Build a graph engine that loads a directed, optionally weighted graph and answers four query types — topological order, unweighted shortest path, weighted shortest path, and dynamic connectivity — each with the correct algorithm and a verifiable result, including correct refusals when an algorithm does not apply.

Requirements
Acceptance criteria
  • A results table: for a chosen source and target, the BFS shortest path (and its edge count) next to the Dijkstra shortest path (and its total cost), with the concrete vertex sequences reconstructed from parent[], not hand-traced.
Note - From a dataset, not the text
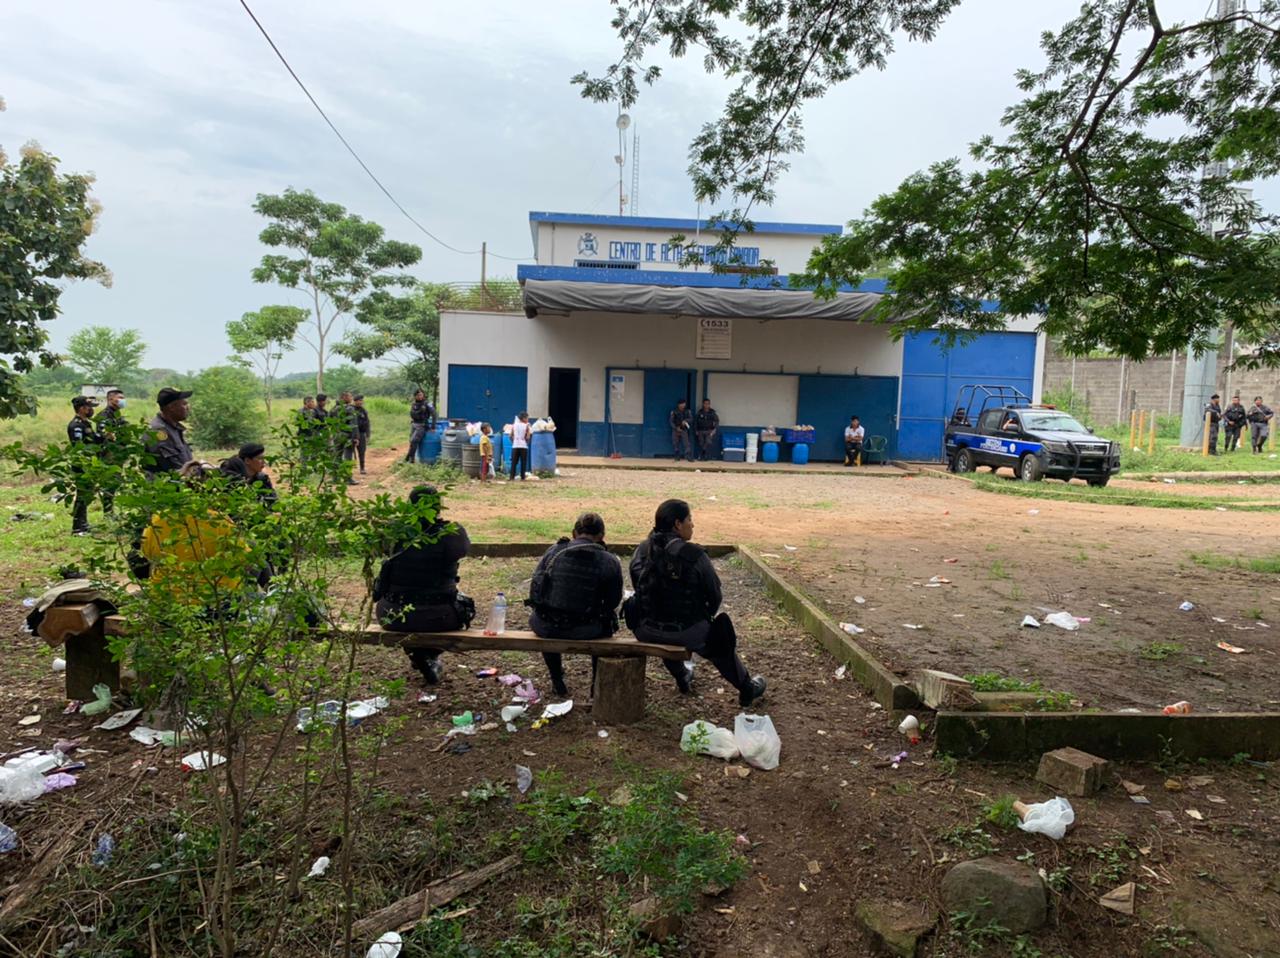 La Policía Nacional Civil resguarda los alrededores de la cárcel El Infiernito, en Escuintla, luego de un motín de reos. (Foto Prensa Libre: Carlos E. Paredes)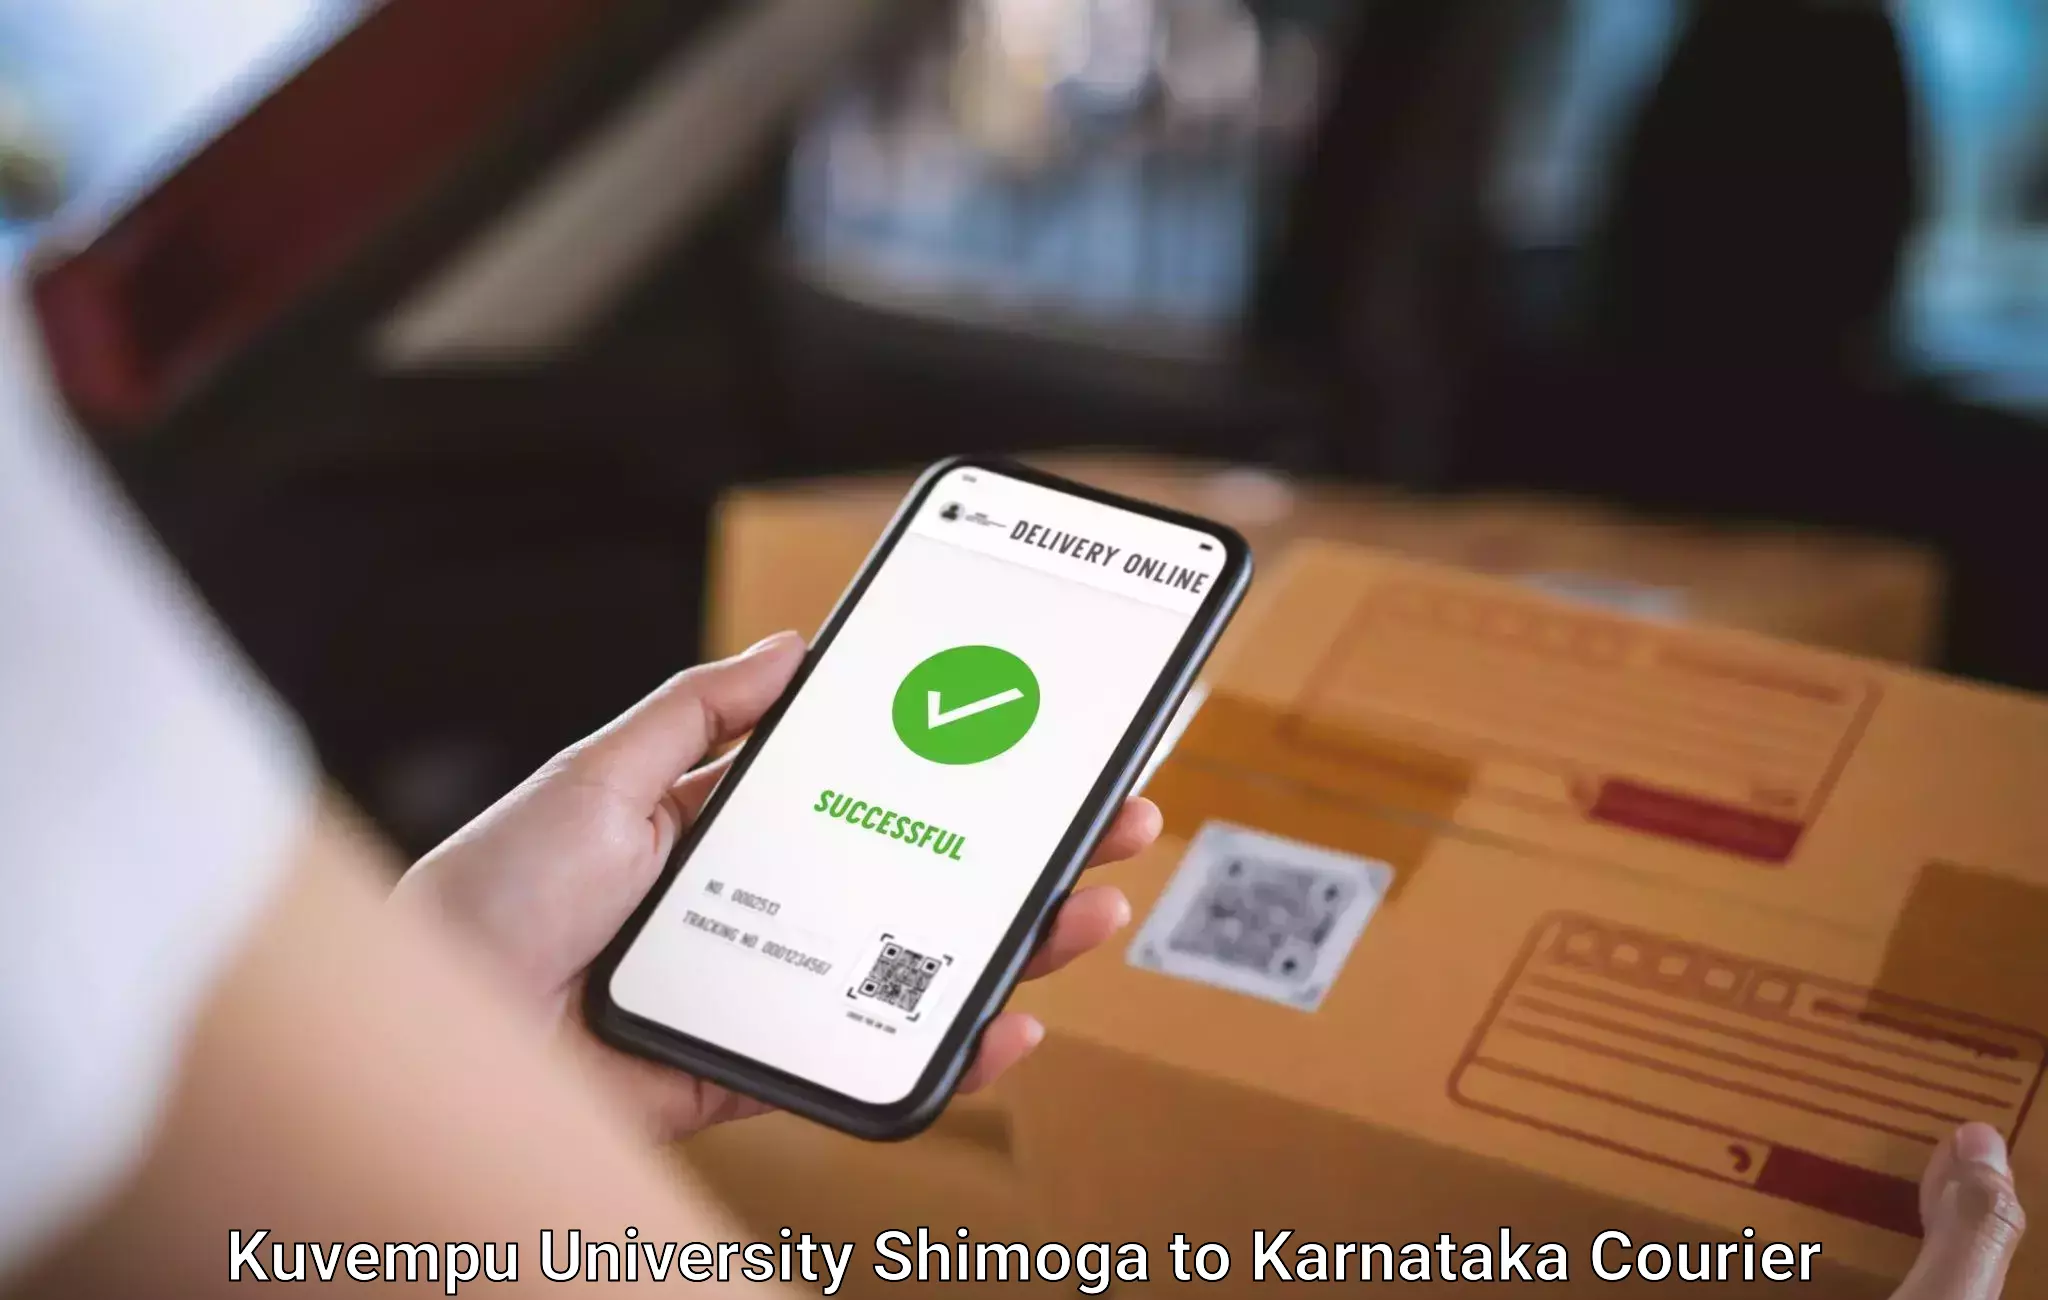 Luggage forwarding service Kuvempu University Shimoga to Karnataka

  • The topological sort returns a valid full order on the DAG (every edge points forward in the list, checked programmatically) and correctly refuses with the trapped-vertex set on the cyclic test graph.
  • Dijkstra refuses the negative-edge graph with a clear message naming Bellman-Ford, and produces correct distances on the non-negative graph (verified against a hand-worked small example).
  • Union-Find answers a scripted sequence of union/connected queries correctly, the component count decrements by exactly one per successful union and stays unchanged on a redundant union, and find is O(1)-ish after compression (show a path length before and after a find).
  • A one-paragraph write-up naming, for each of the four query types, which algorithm you used and the single property that made it correct (BFS level order, Dijkstra settle invariant, Kahn leftover-count cycle check, DSU find-root connectivity).
Senior stretch
  • Add Bellman-Ford as a fifth query path so the engine handles negative edges and reports a negative cycle when one exists; route queries to Dijkstra vs Bellman-Ford automatically based on whether any edge is negative.
  • Add a grid mode: treat a 2D grid of open/blocked cells as an implicit graph with 4-directional neighbors and answer fewest-step pathfinding with BFS, reconstructing the route.
  • Add Kruskal's minimum spanning tree using your Union-Find to reject cycle-closing edges, and compare its total weight to the original graph.
  • Benchmark adjacency list vs adjacency matrix on a sparse and a dense graph for the same neighbor-iteration and edge-lookup workloads, and confirm the crossover matches the O(V + E) vs O(V squared) prediction.
Recap

This is the engineering loop behind real graph systems: model the graph once with the representation that fits its density, then route each query to the algorithm whose invariant matches the question — BFS for fewest edges, Dijkstra for non-negative cost, Kahn’s for dependency order, union-find for dynamic connectivity — and refuse cleanly when an algorithm does not apply (negative edges, cycles). Reconstruct concrete paths from parent[] and verify every answer instead of asserting it. Building it once turns the unit’s separate lessons into one decision reflex.